[ 
https://issues.apache.org/jira/browse/SPARK-18689?page=com.atlassian.jira.plugin.system.issuetabpanels:all-tabpanel
 ]

Travis Hegner updated SPARK-18689:
----------------------------------
    Description: 
I'd like to propose a new mode of operation for the app scheduling system in a 
stand alone cluster. This idea would eliminate static allocation of cpu cores 
between apps, and would instead divvy up cpu resources based on the linux 
cgroups cpu.shares attribute. This could later be expanded to expose more of 
cgroup's options (memory, cpuset, etc...) to each application running on a 
stand alone cluster.

Preliminary examination shows that this could be relatively simple to 
implement, and would open up a world of flexibility for how cpu time is 
allocated and utilized throughout a cluster.

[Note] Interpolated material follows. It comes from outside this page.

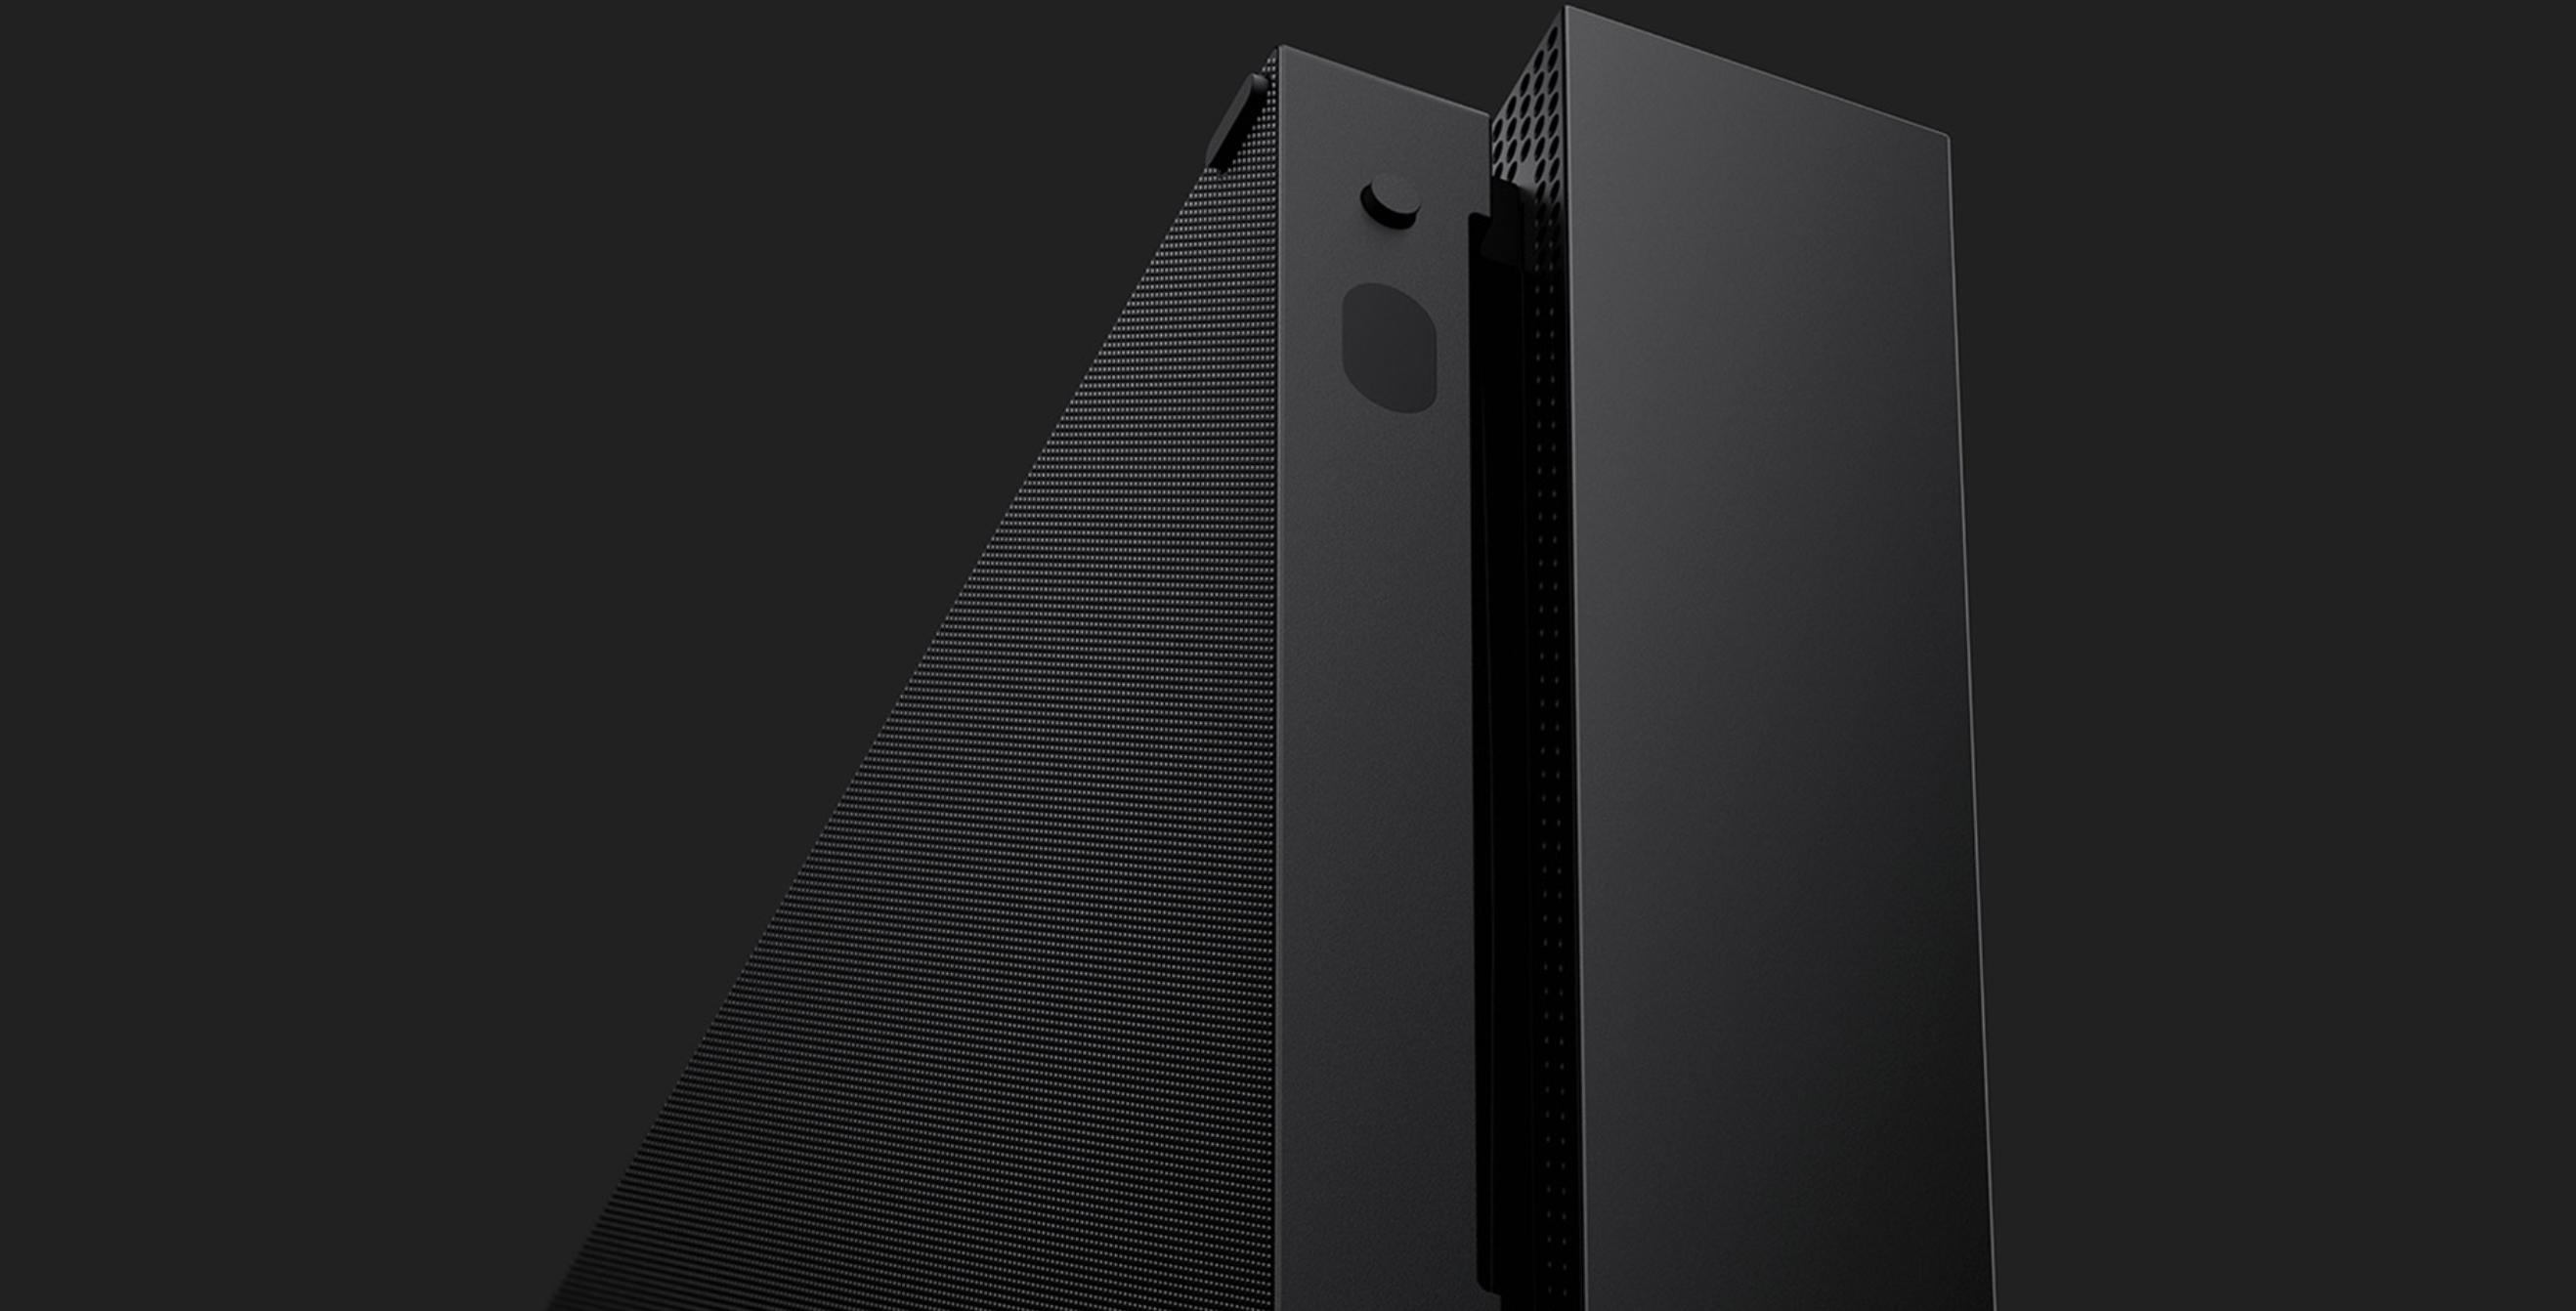 La Xbox Scarlett serait deux fois plus puissante que la Xbox One X

What I'm thinking is that when a cluster is operating in "priority" mode, a 
newly submitted application will be given a unique executor on each worker, 
optionally limited by {{spark.executor.instances}}. The executor would *not* be 
*statically* allocated any number of cores, but would have the ability to run 
the number of tasks equal to the number of cores on that host (obeying 
`spark.task.cpus`, of course). We could also use {{spark.executor.cores}} to 
limit the number of tasks that the executors can run simultaneously, if desired.

When each worker gets a request to create its executor, it first creates a 
cgroup with the unique app id (shell examples to show how simple utilizing 
cgroups can be):

{code}
mkdir /sys/fs/cgroup/cpu/spark-worker/$appId
{code}

Then moves the executor into that cgroup:

{code}
echo $pid > /sys/fs/cgroup/cpu/spark-worker/$appId/tasks
{code}

And, finally, sets the number cpu.shares

{code}
echo $cpushares > /sys/fs/cgroup/cpu/spark-worker/$appId/cpu.shares
{code}

to the amount specified by an application config {{spark.priority.cpushares}}, 
or something similar. This app would consume 100% of the cpu time allocated to 
the spark-worker.

A second app could come along, and also be allocated an executor on every 
worker (assuming enough memory), but with double the {{cpu.shares}} priority. 
Both apps would then run side by side, with the higher priority app receiving 
66% of the total CPU time that has been allocated to the spark-worker, and the 
first app getting the rest.

This approach would allow long running, cpu intensive tasks to consume all 
available cpu until a higher priority app comes along, and it will gracefully 
allow that app to consume whatever it needs, without any type of scheduling or 
preemption logic needing to be written.

Naturally, there would have to be some configuration options to set sane 
defaults and limits for the number of shares that users can request for an app.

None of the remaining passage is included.